- **EXERCISE DIRECTIONS**: Copy the data exactly; pictures stay out of the copy.

- **GIVEN MATERIAL**:

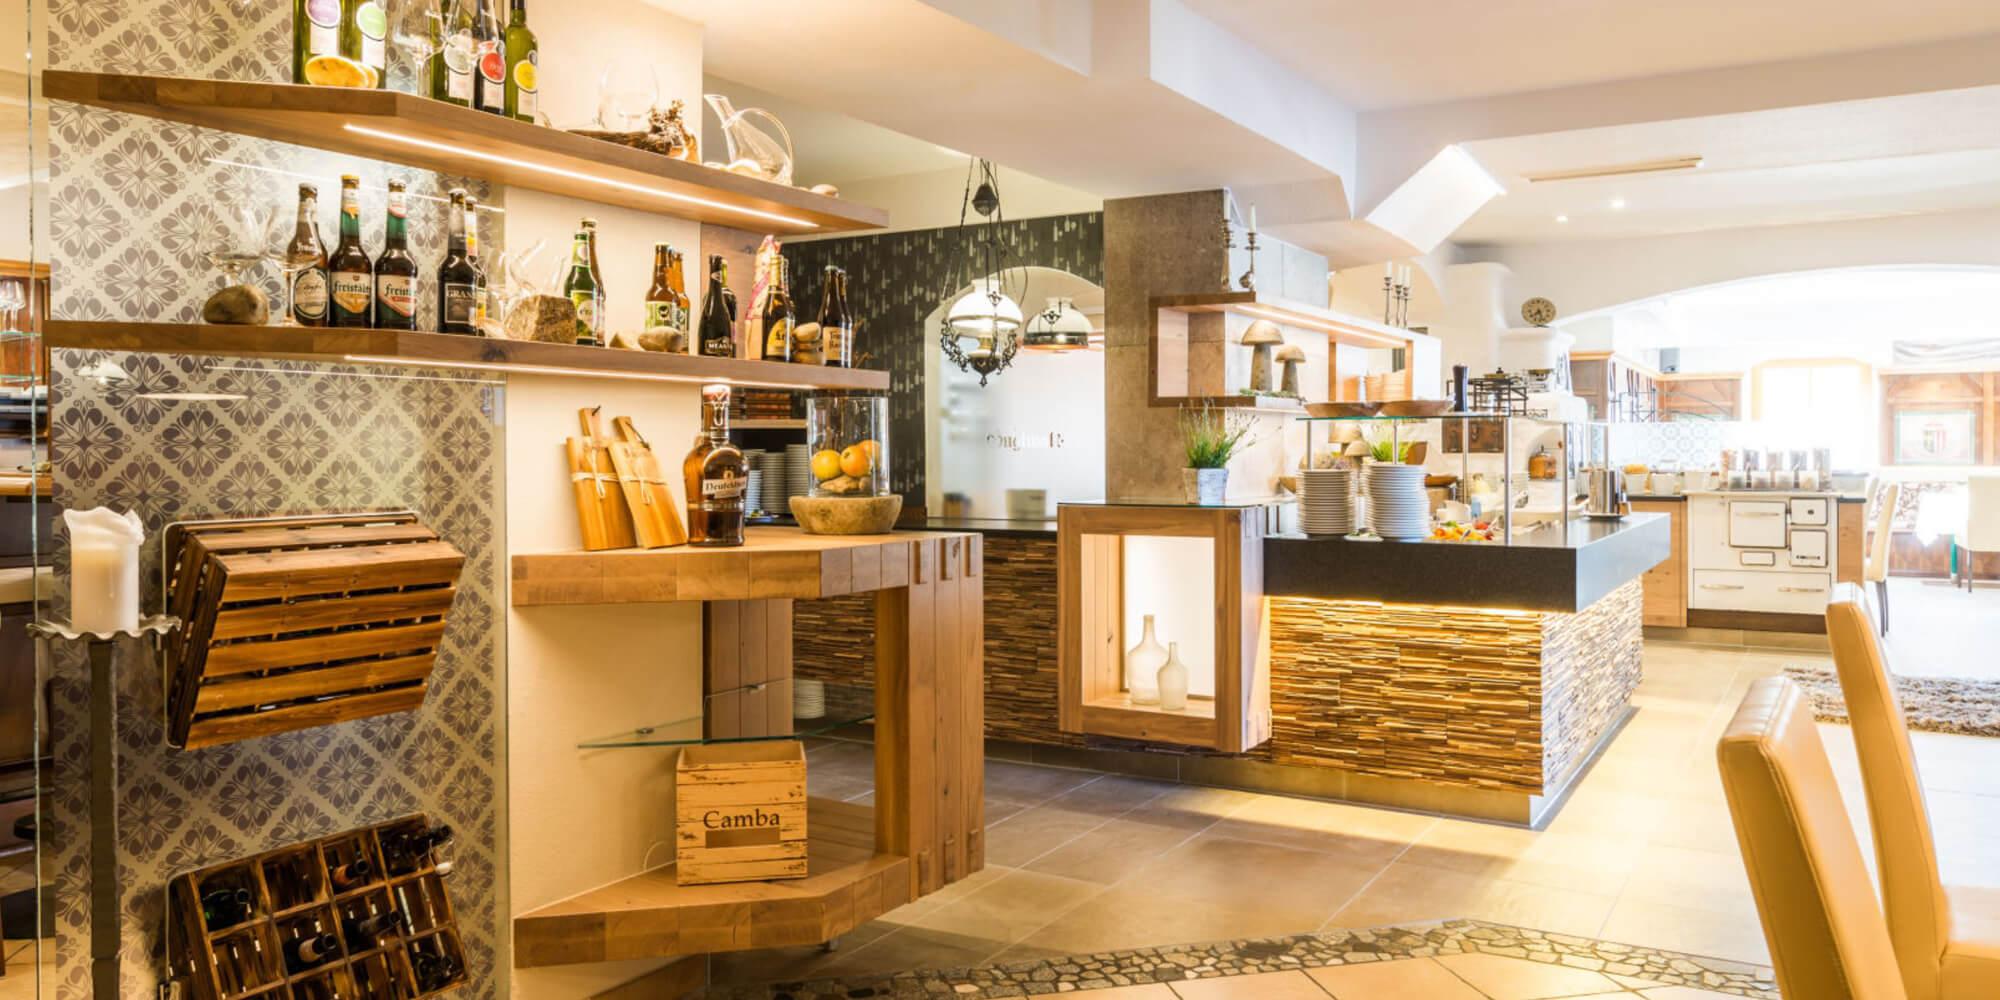 Crea-Plan-Design-Rauch-Frühmann-Architektur-Innenarchitektur-Design-Projekt-Referenz-Hotelerie-Gastronomie-Hotel-Guglwald-Buffet-B
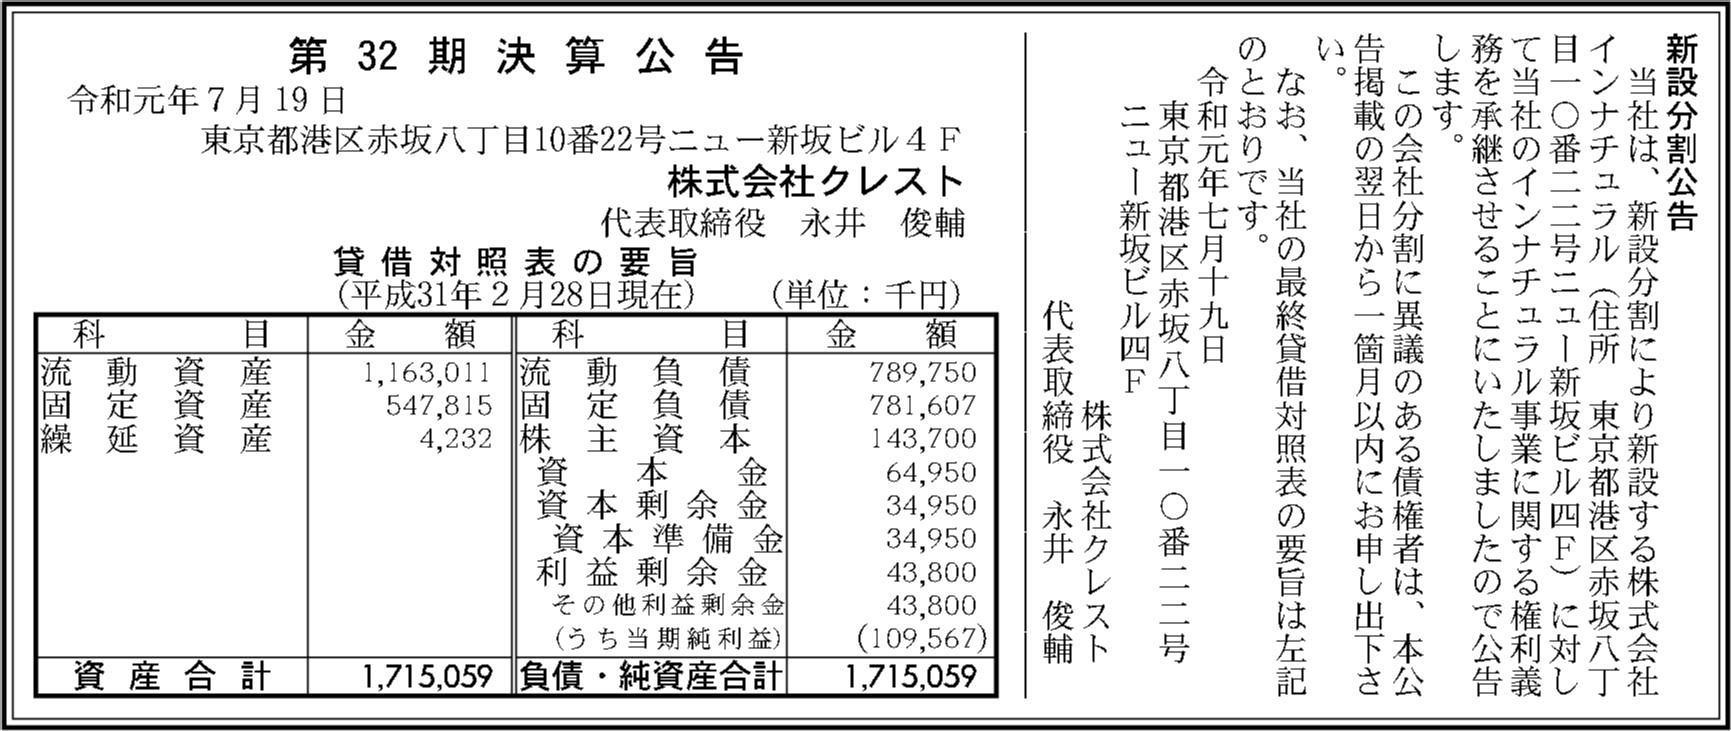 0150 cf25104db89f55fe5b657189673c58696dda35a6edd5ebb930597ef7ae7e2d95c0e1f8bfcf2c11ac2ccdf72d8ed814d609006439ebc70ac68f97e46c2784128e 02
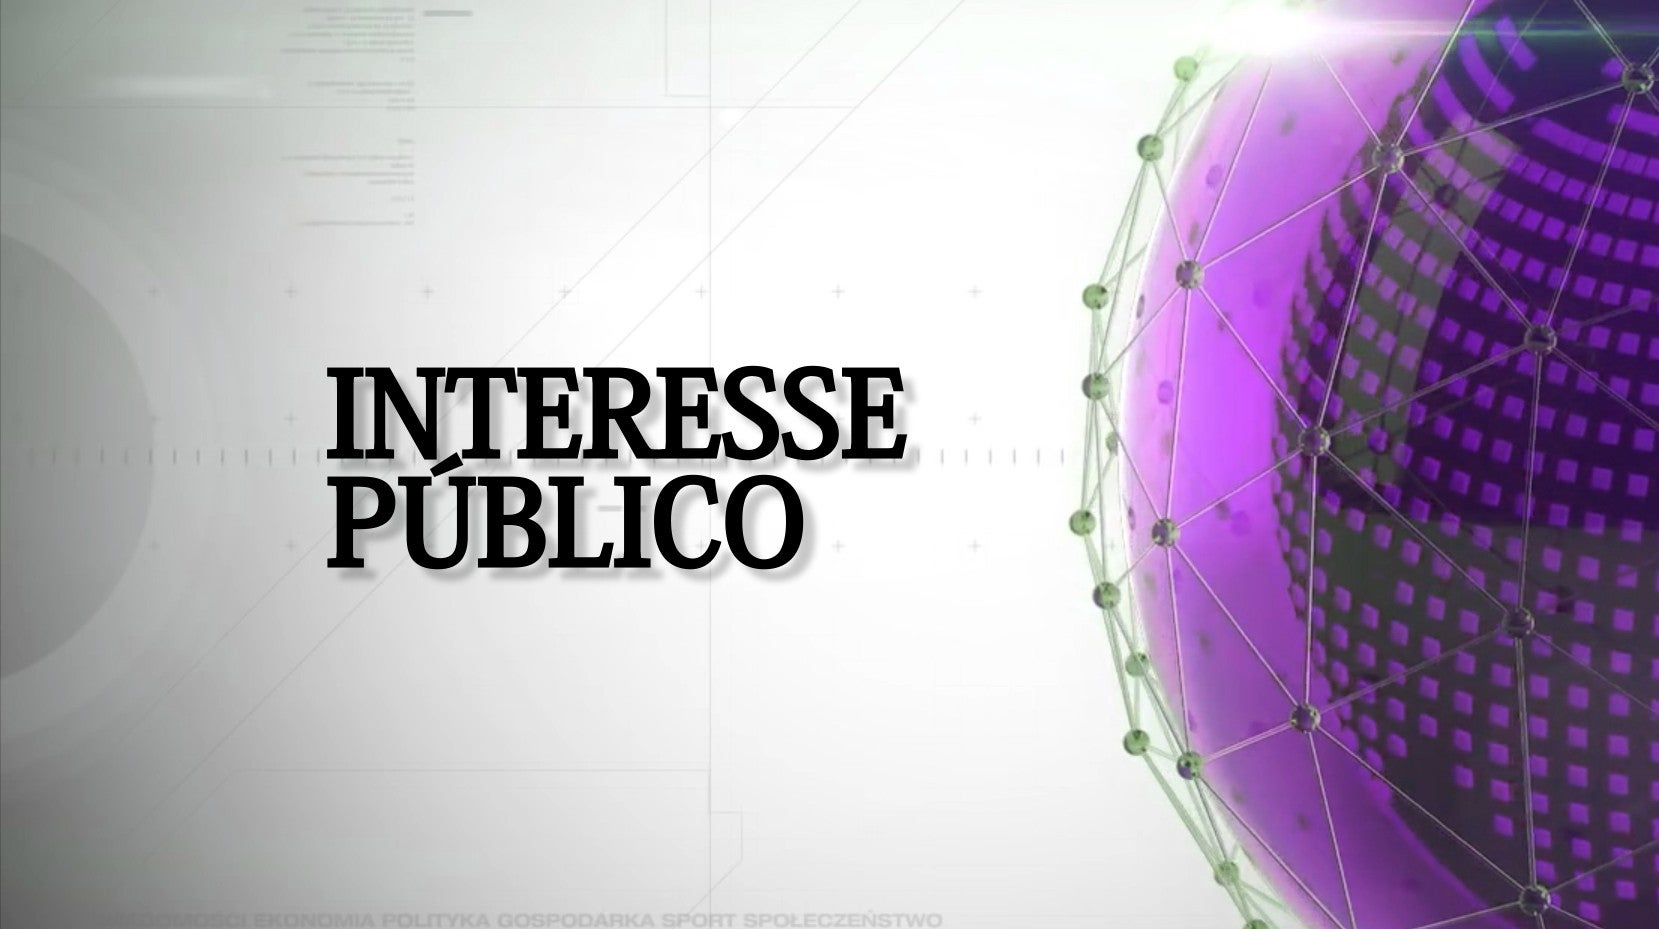 Interesse Público 2021
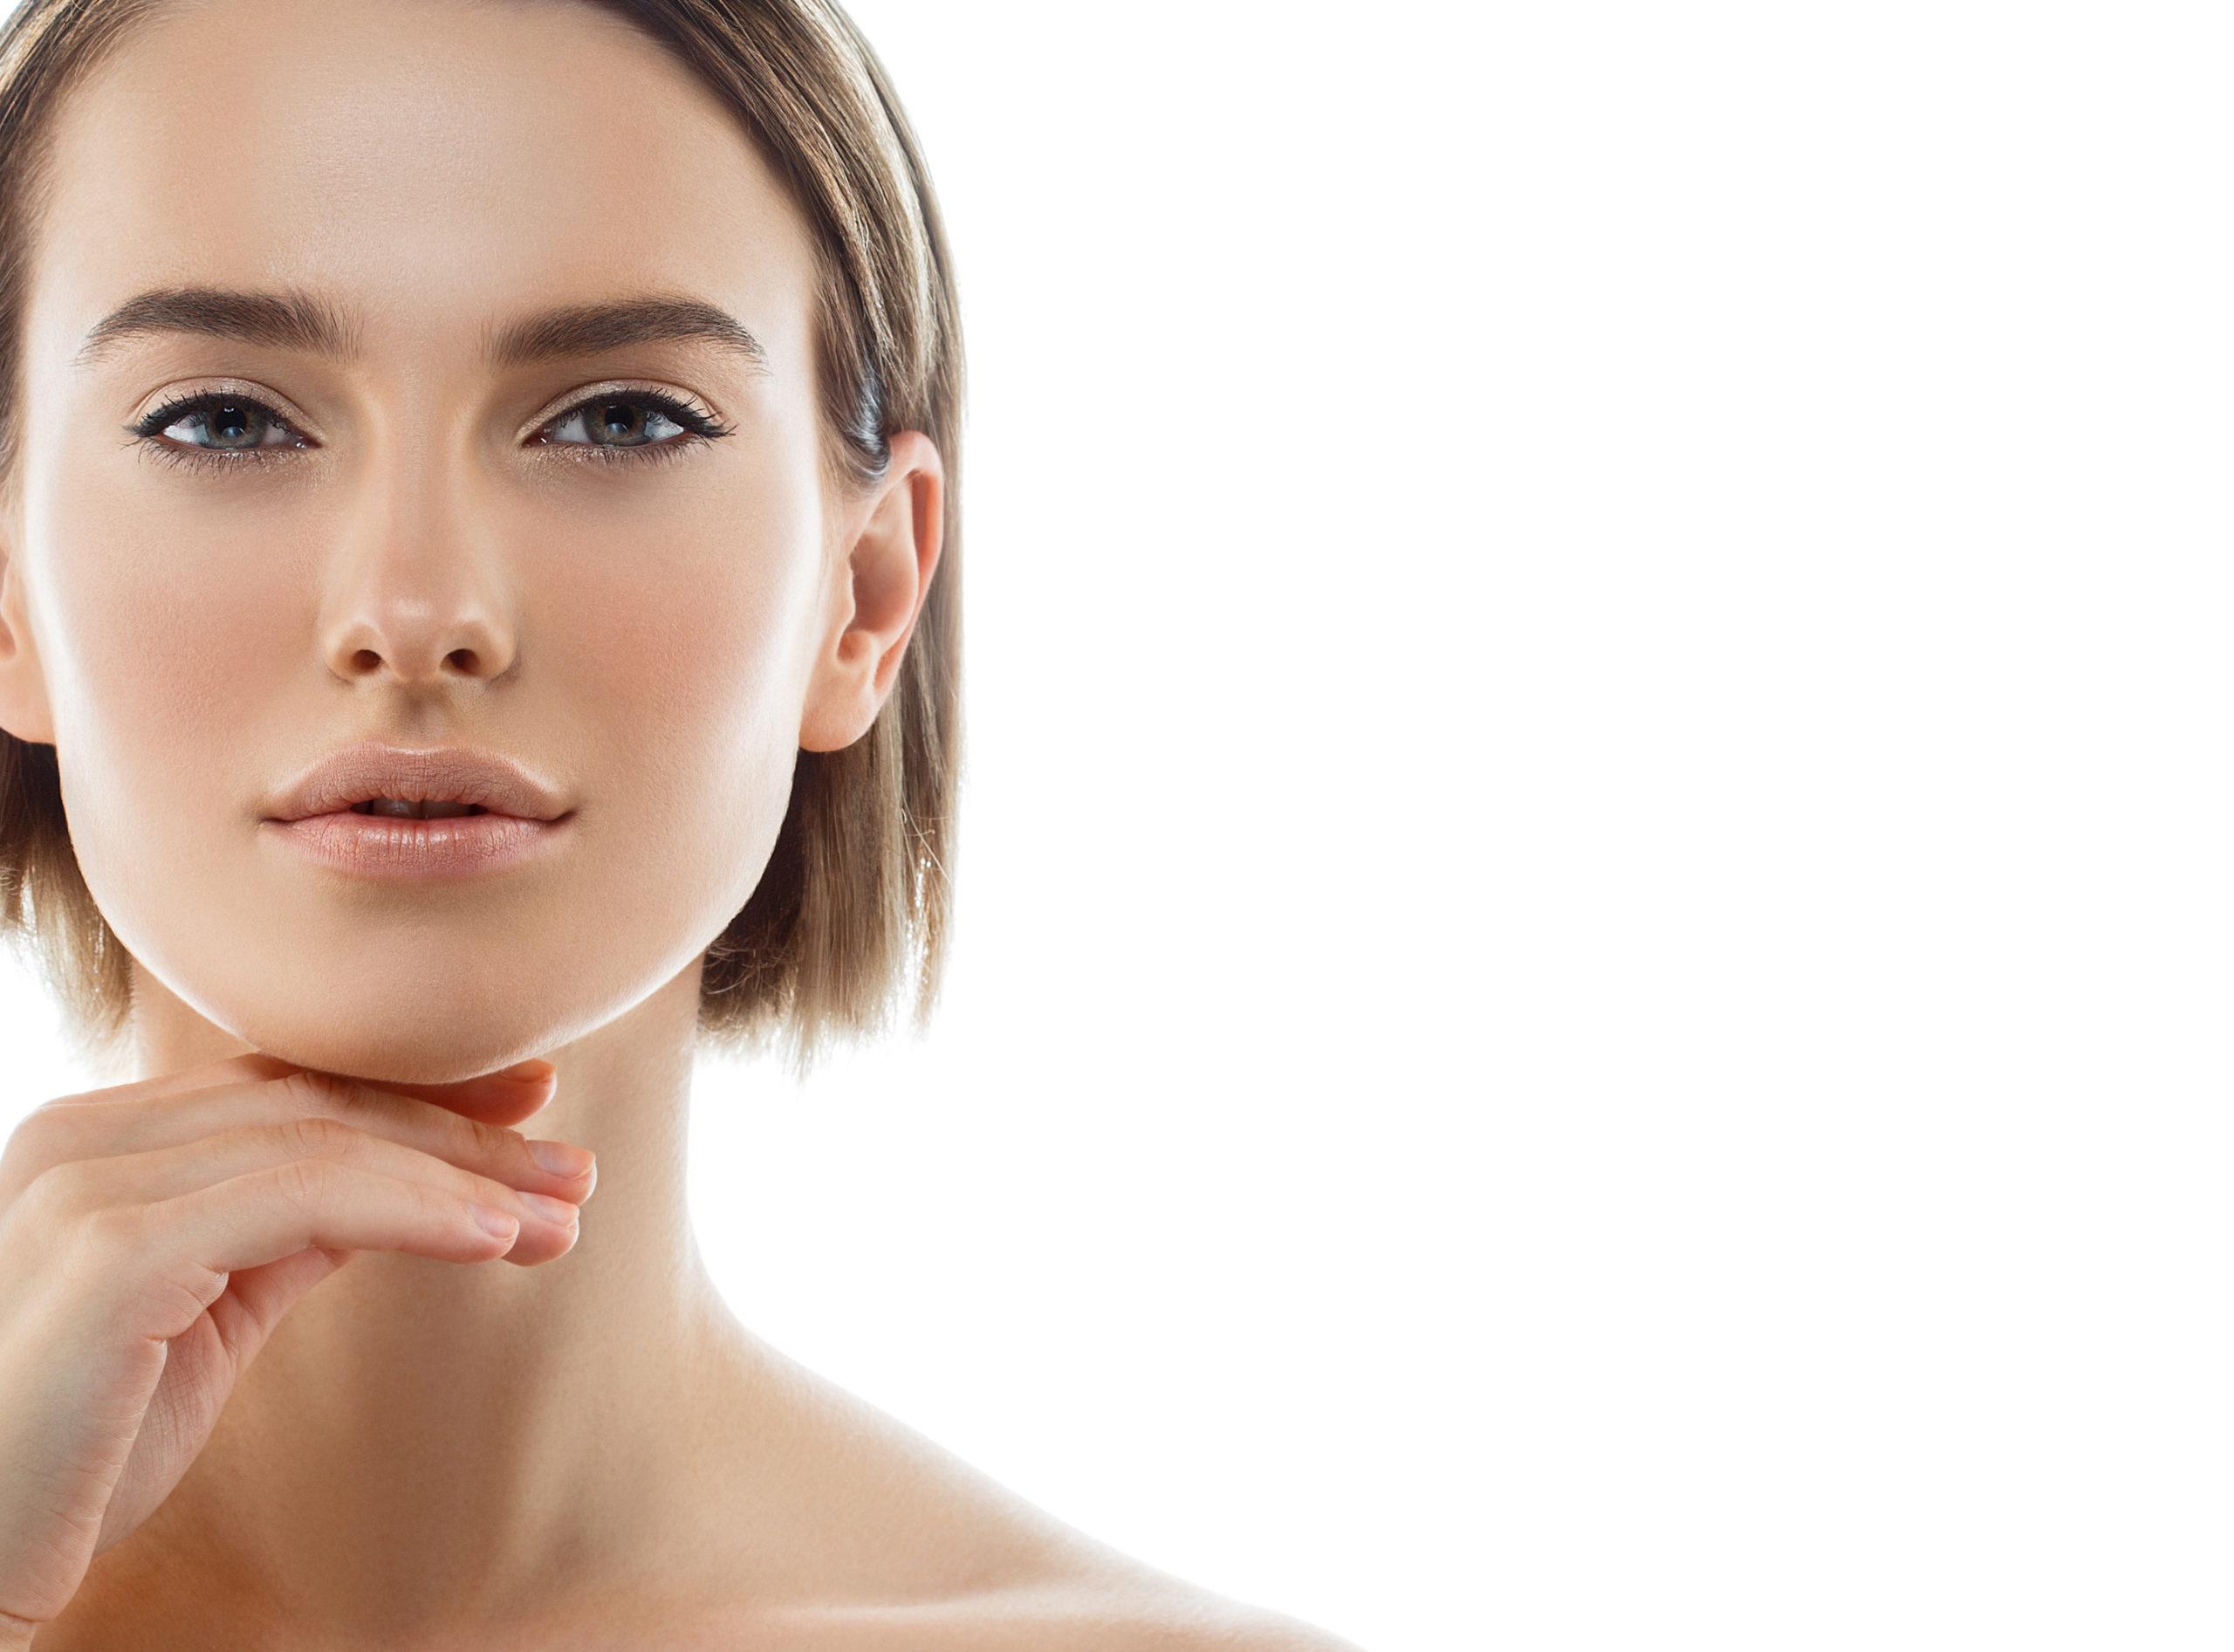 Los 5 mejores productos para cuidar la cara

- **TASK SOLUTION**:
 Crea-Plan-Design-Rauch-Frühmann-Architektur-Innenarchitektur-Design-Projekt-Referenz-Hotelerie-Gastronomie-Hotel-Guglwald-Buffet-B
 0150 cf25104db89f55fe5b657189673c58696dda35a6edd5ebb930597ef7ae7e2d95c0e1f8bfcf2c11ac2ccdf72d8ed814d609006439ebc70ac68f97e46c2784128e 02
 Interesse Público 2021
 Los 5 mejores productos para cuidar la cara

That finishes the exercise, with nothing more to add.